Theodore, que se encontraba en uno de los patios del castillo, los observaba interactuar con curiosidad, preguntándose qué diría la joven vampiresa.

Nunca antes Theodore tuvo la oportunidad de conocer personalmente a la Reina o a otras personas de la familia real, pero por su apariencia, podía decir que la Reina Morganna era una mujer obstinada que quería todo lo que el mundo podía ofrecer.

En este momento parecía perfectamente molesta después de lo ocurrido en la sala del tribunal real.

Solo podía imaginar cómo se sentiría verla morir en el futuro, y ante ese pensamiento, una sonrisa agradable apareció en sus labios.

—Yo, eh, me preguntaba qué tan plano era el suelo —balbuceó Lucy.

No se atrevió a moverse ya que estaba descalza y su criada ahora escondía sus zapatos detrás de ella.

Con los sucesos acontecidos en la corte real, Lucy pensaba que su familia estaría ocupada discutiéndolos, pero quién diría que también querían pasar tiempo en el jardín.

—¿Qué?

—preguntó su abuela como si no entendiese la tontería que salía de la boca de su nieta.

—Entra.

Mírate, ya puedo ver tu piel enrojecida, y podría causarte ampollas si sigues fuera y bajo el sol.

Por otro lado, Rosamunda miraba a su sobrina y a la criada con sus agudos ojos, sintiendo que ambas jóvenes tramaban algo bueno.

Lucy dijo rápidamente:
—Reina Morganna, ¿sabe dónde está mi institutriz, la que acaba de ser nombrada recientemente?

—Tu padre es quien tiene los detalles al respecto —respondió la Reina—.

Una vez que esté aquí, tendrás menos tiempo para perder y desperdiciar, Lucy.

Asegúrate de escucharla y convertirte en una dama fina que creo tienes la capacidad de ser.

Ya he hablado con tu madre que pronto empezaremos a buscar pretendientes una vez que te conviertas en una dama fina.

—¿Pretendientes?

—Lucy usó la palabra como si le fuera ajena—.

Soy muy joven, mi Reina.

—Es la edad adecuada —interrumpió la Reina Morganna las palabras de Lucy—.

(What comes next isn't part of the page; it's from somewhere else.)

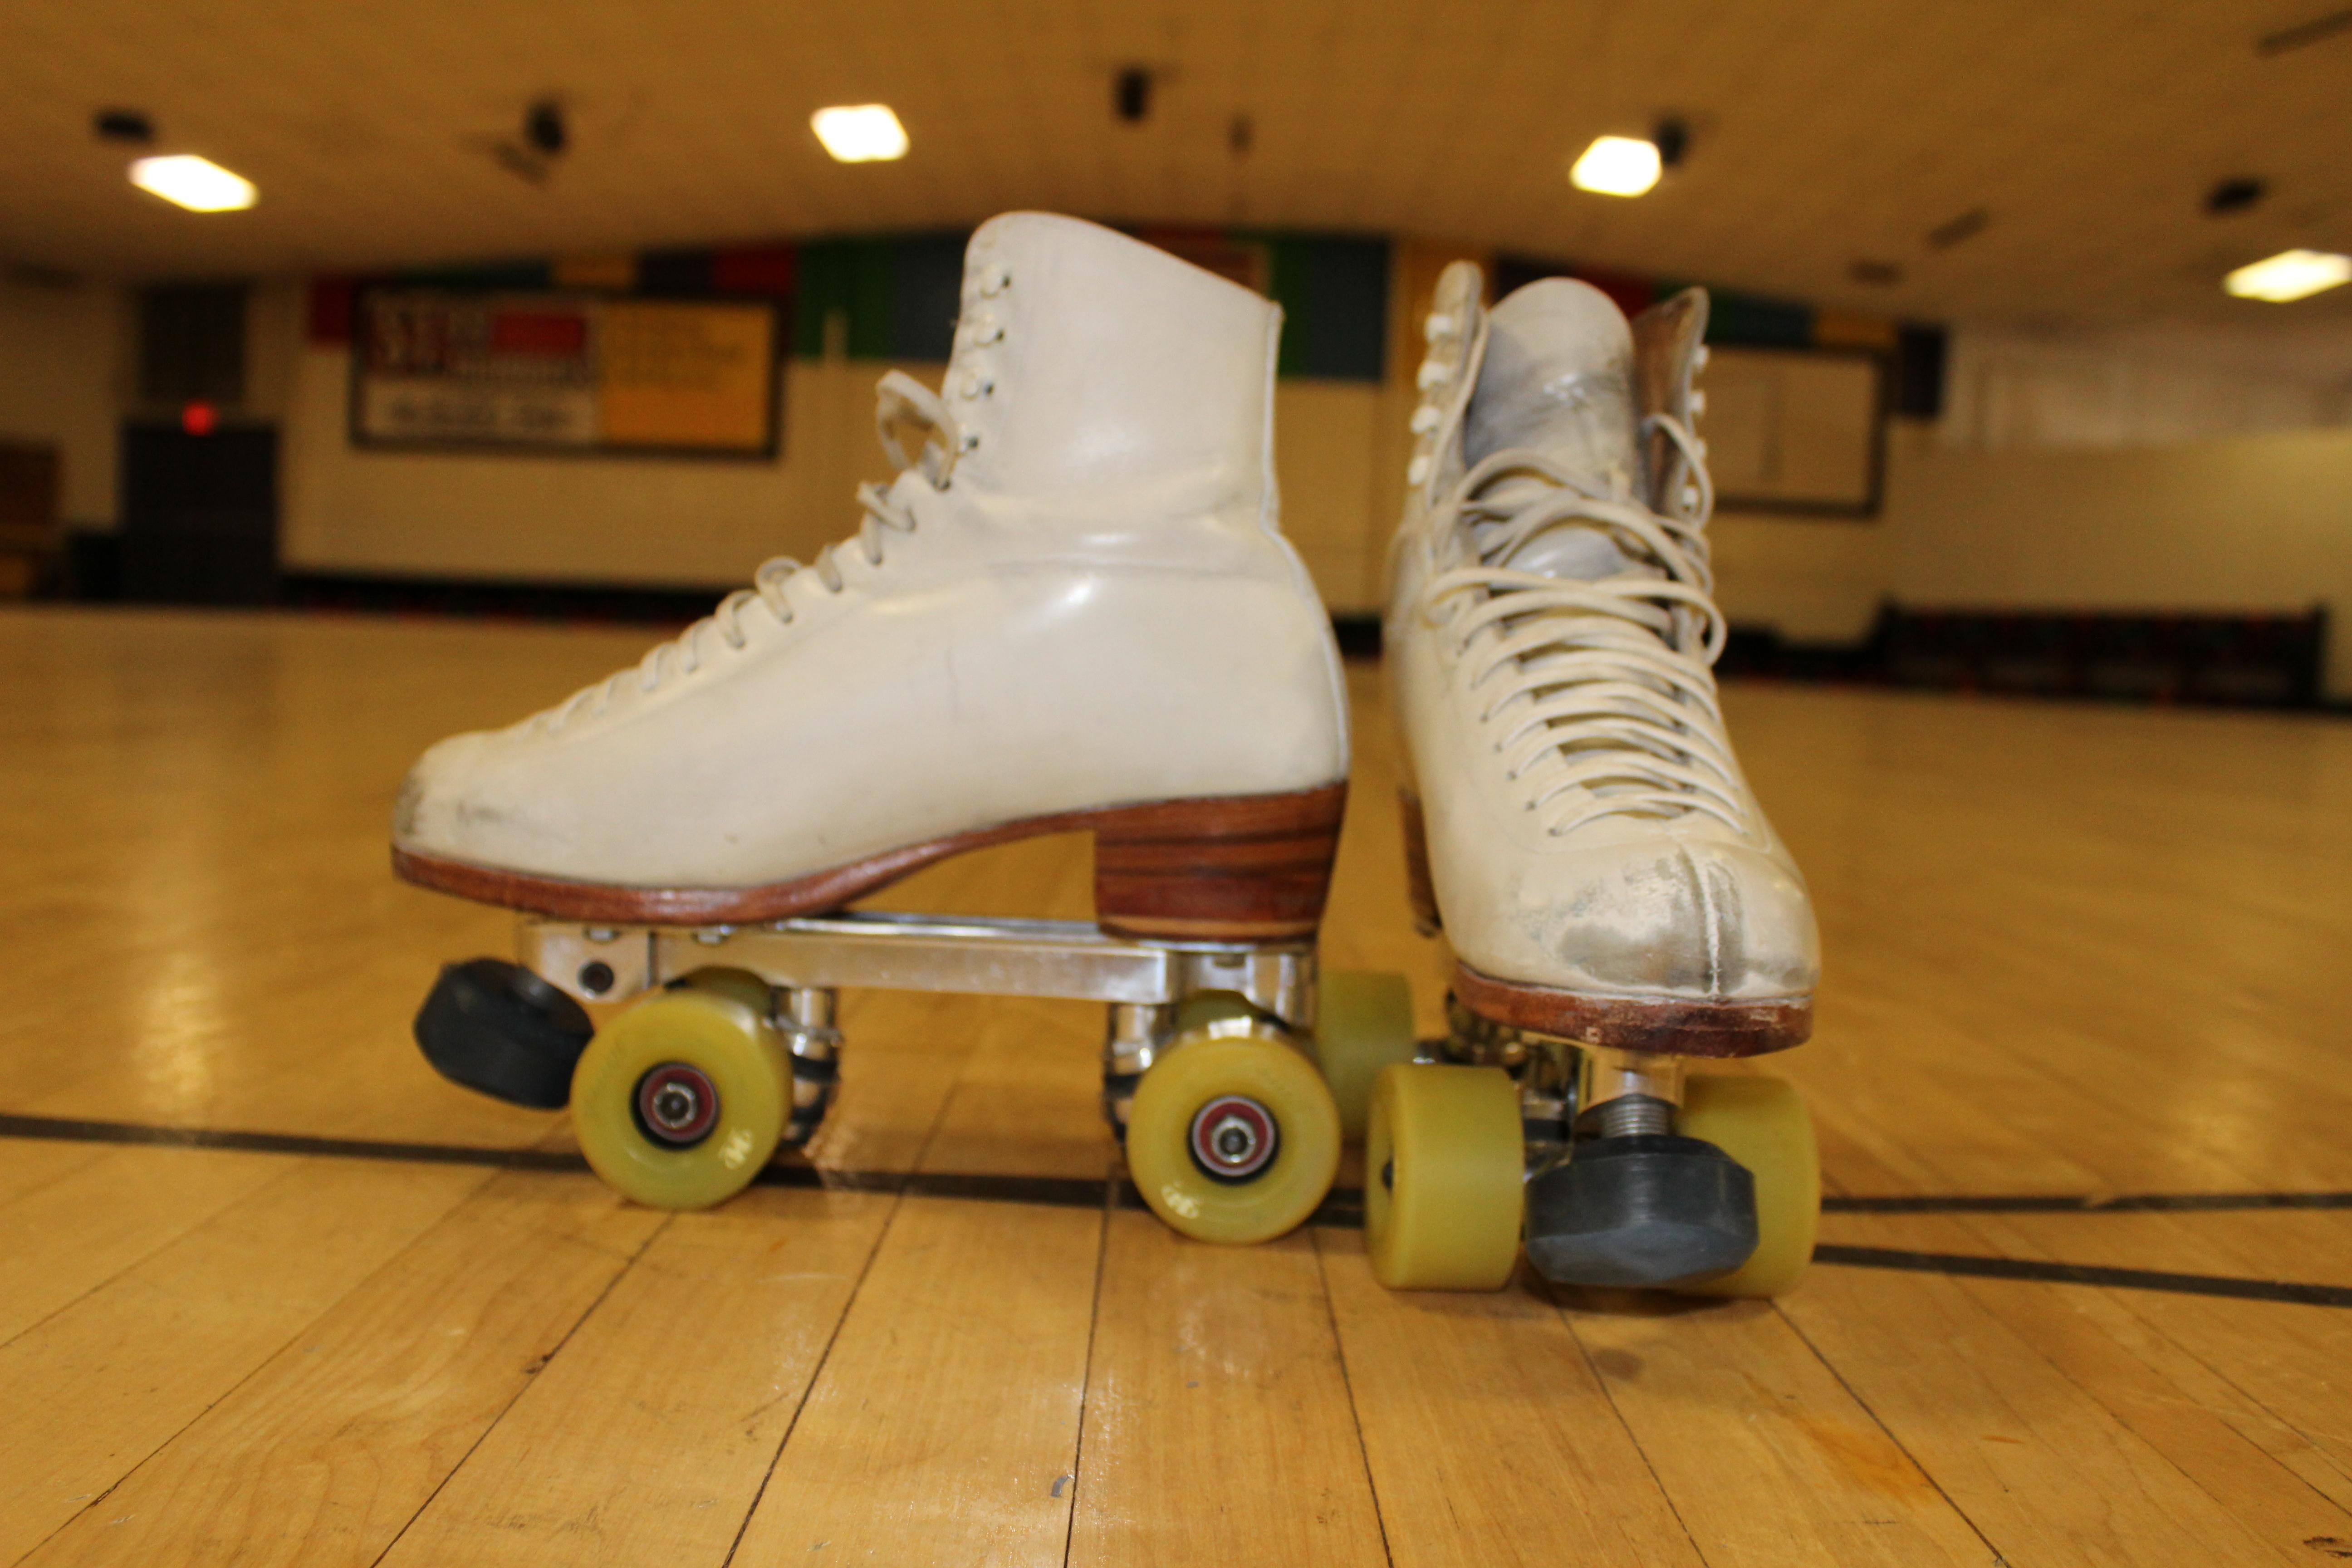 Roller skates videos youtube - Skating Videos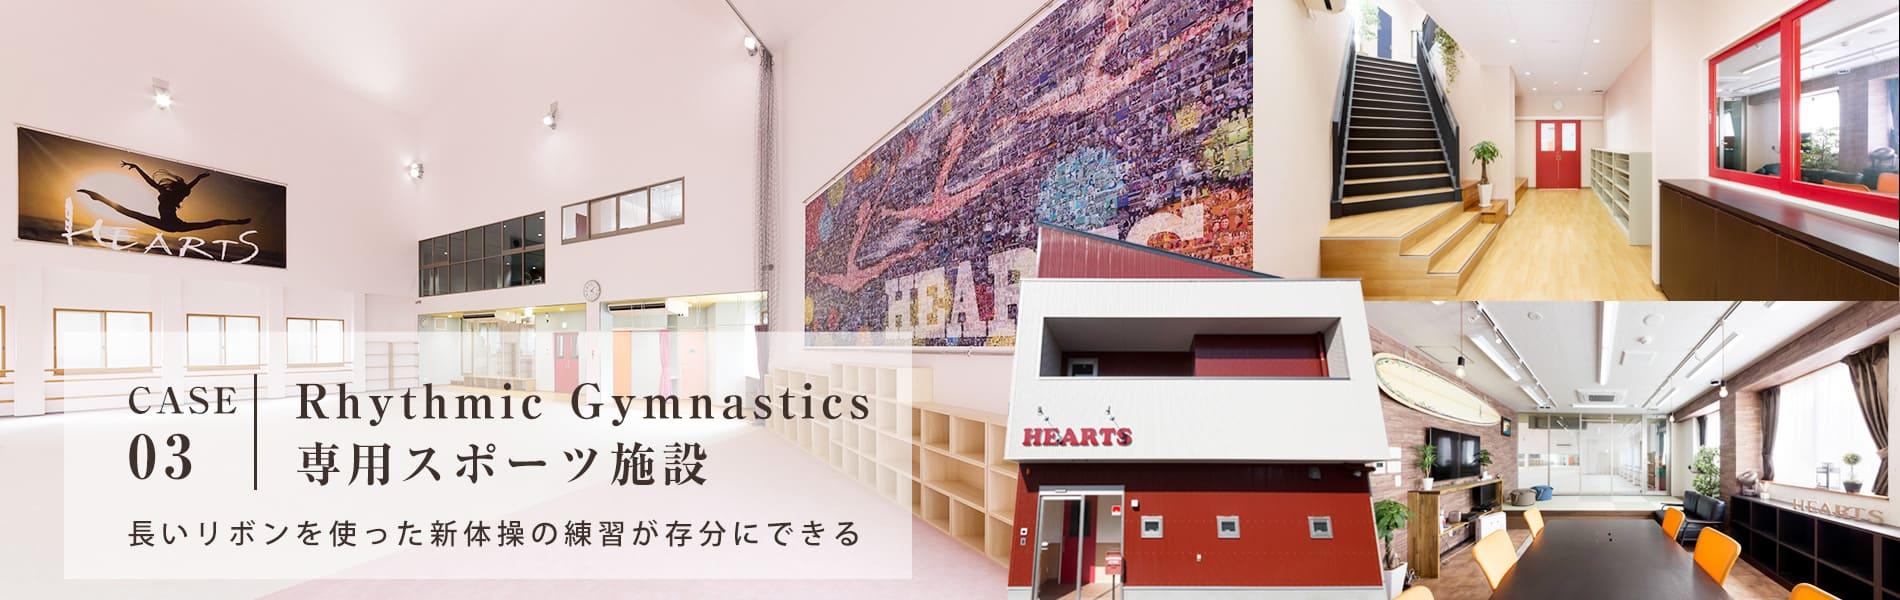 施工事例CASE3 Rhyth Gymnastics専用スポーツ施設

Tu madre está de acuerdo, y siempre es bueno casarse cuando se es joven.

Todas lo hicimos, y tú también lo harás.

Ahora vuelve adentro.

Lucy inclinó su cabeza, viendo a la Reina y a su tía continuar su paseo y conversación que había sido pausada.

La joven vampiresa no se movió de su lugar.

—¿Me casaré pronto, Amice?

No estoy preparada para ello —susurró.

Todavía estaba aprendiendo las maneras de la vida en el castillo y la vida a su alrededor, le pareció surrealista oírlo.

—No te preocupes, milady.

La Reina dijo que lo harán en el futuro y no de inmediato —consoló su criada, pero eso no eliminaba el hecho de que ella se casaría con alguien de quien no tenía ni idea.

Los ojos de Lucy se movieron para mirar el castillo, observando las ventanas y los patios que estaban vacíos, incluyendo el donde un hombre había estado antes y que había pasado desapercibido para ella.

Cuando Lucy comenzó a caminar, se estremeció:
—Me ha picado una abeja.

Para la tarde, Lucy sentía como si le hubieran atado piedras a uno de sus pies, y descansaba en su habitación.

Sentada en la cama ahora, leía un libro en su habitación.

Habían encendido velas en la araña que colgaba del techo no muy lejos de donde estaba.

Incluso la chimenea estaba encendida y daba calidez al tiempo que añadía luz a la habitación ya luminosa.

Al oír un golpe en la puerta, Lucy rápidamente se aseguró de esconder su pierna cubriéndola con una manta y antes de que pudiera decir que entraran, las puertas de su habitación se abrieron y entró su madre.

—Te he estado buscando.

¿Qué haces sentada en la cama?

—preguntó su madre con una profunda arruga en su frente.

—Estoy leyendo —vino el tono obvio y su madre entrecerró los ojos—.

Estoy leyendo, madre.

¿Me necesita?

—Lucy usó un tono mucho más cortés e inclinó la cabeza a su madre.

—Sí, la institutriz está aquí.

Llegó hace media hora, y pensé que sería mejor presentártela para que puedas empezar tus estudios mañana por la mañana —declaró su madre—.

Vamos ahora, deja la compañía de tu libro y conoce a la institutriz.

Lucy no quería dejar su cama todavía.

Después de ser picada por una abeja, necesitaría algo de tiempo hasta que la hinchazón disminuyera.

Afortunadamente era una vampiresa y la hinchazón desaparecería para mañana por la mañana.

—Pensé que era la institutriz quien venía a conocer a la princesa, y no al revés, mamá —dijo Lucy, su mirada inocente solo irritaba a su madre.